Moose eludes capture in Pasco rail yard Sunday


> A moose dodged railroad workers and law enforcement officials for more than two hours Sunday morning in the Pasco rail yard, said Gus Melonas, spokesman for BNSF Railway.
> 
> A BNSF mechanical worker saw the moose run across a railroad utility road about 9:30 a.m., Melonas said. The animal, estimated to weigh about 700 pounds, was a bull with antlers....
> 
> It took until about noon to get the animal to run across Highway 395 into a corn field, where it was last seen.


----------



## AmtrakBlue (Sep 10, 2014)

Moose on the loose!


----------



## JayPea (Sep 10, 2014)

On my recent Amtrak trip that included amongst other things three days in Yellowstone, we spent one day in the Tetons for the express purpose of wanting to see a moose. No such luck. We traveled all over and no moose. So last Sunday, while on a drive about five miles from my home, I see this:


Here I am riding all over Yellowstone and the Grand Tetons in prime moose territory and never see one. And then I see one five miles from home. Rather ironic, I thought!


----------



## Bob Dylan (Sep 10, 2014)

"...No matter where you roam, there's no place like home..." 
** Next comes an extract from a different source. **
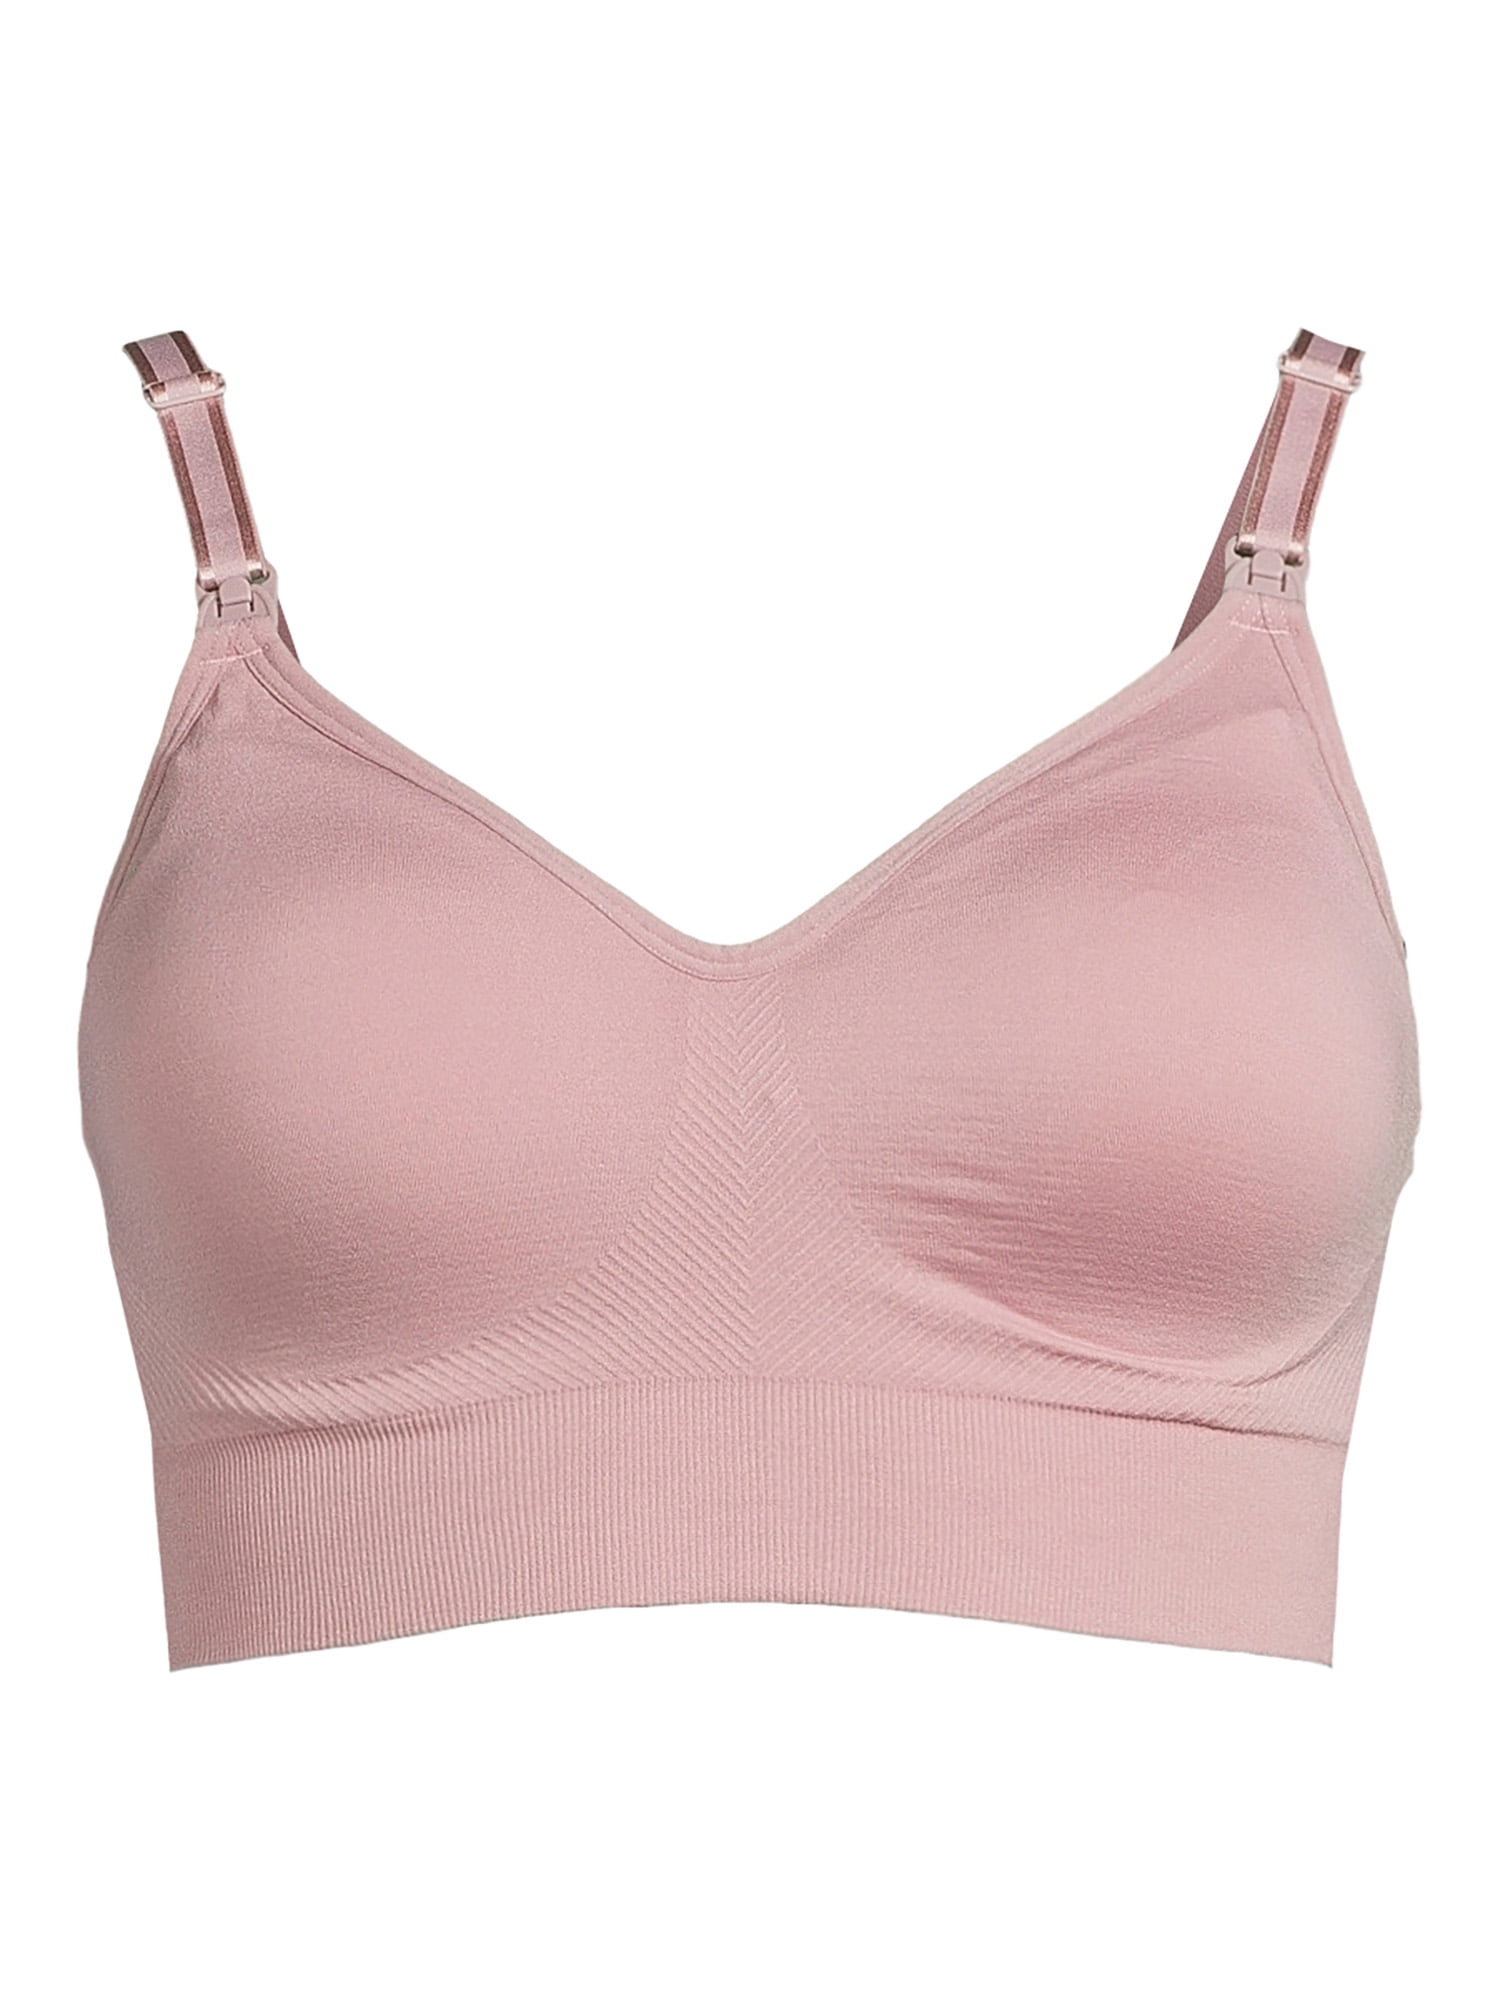 DeshkidTz - Nursing bra Price:15000 Size:l

I hoped to see lots of Moose (Meece? Mooses?) when I rode the Canadian last Feb. but all we saw were Elk, Longhorn Sheep and Lots of Birds which surprised me because it was so Cold and the Snow was so Deep! The Elk and Sheep were eating on the tracks since they were cleared and grass was still growing between the rails! I thought Northern Birds went South in the Winter???!!! :giggle:


----------



## Green Maned Lion (Sep 11, 2014)

I always loved the talking moose.


----------



## trainman74 (Sep 11, 2014)

Green Maned Lion said:


> I always loved the talking moose.


Clark Griswold didn't like it as much.


----------